A good man knows when he is beaten, a wise man will take it no further and then there are fathers who are a law unto themselves...


----------



## Steff (Aug 20, 2009)

Caroline said:


> A good man knows when he is beaten, a wise man will take it no further and then there are fathers who are a law unto themselves...



never a true word spoken


----------



## bev (Aug 20, 2009)

I have a super king size memory foam mattress - it is the best mattress i have ever slept on - and when my eldest comes to stay i end up with all three of the children in bed with me in the morning - if they get up in the night for the toilet - they cant resist getting in - it is SO comfortable! I dont know if the mattress toppers give the same quality of sleep - but may be worth a try - do you have a Dunhelm shop near you?
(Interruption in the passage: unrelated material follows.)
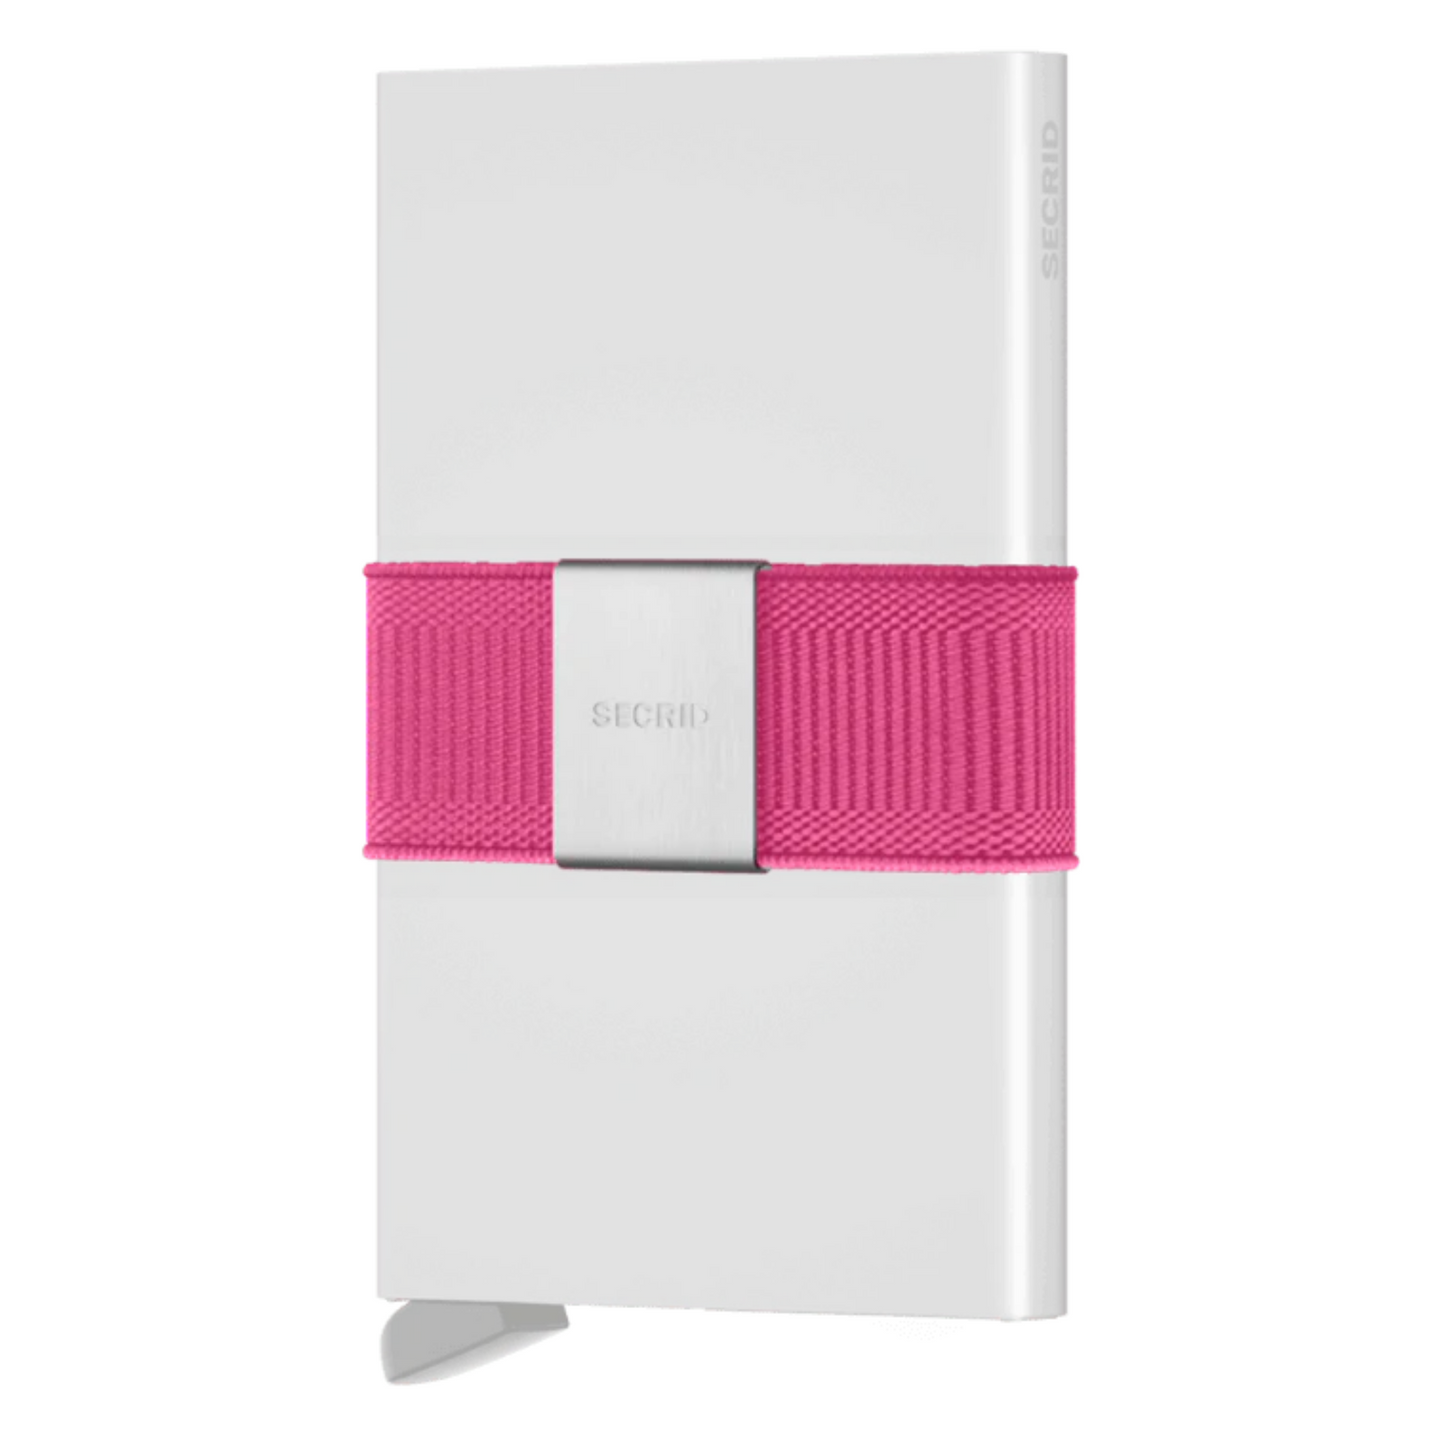 A solid pink thick elastic band has a silver metal square attached.

They have them in there for a good price last time i looked.Bev


----------



## Steff (Aug 20, 2009)

bev said:


> I have a super king size memory foam mattress - it is the best mattress i have ever slept on - and when my eldest comes to stay i end up with all three of the children in bed with me in the morning - if they get up in the night for the toilet - they cant resist getting in - it is SO comfortable! I dont know if the mattress toppers give the same quality of sleep - but may be worth a try - do you have a Dunhelm shop near you? They have them in there for a good price last time i looked.Bev



they is one near my dad well 25 miles away so i dont know if thats accsessible for him he dont have a p.c neither t look at anything or order owt online


----------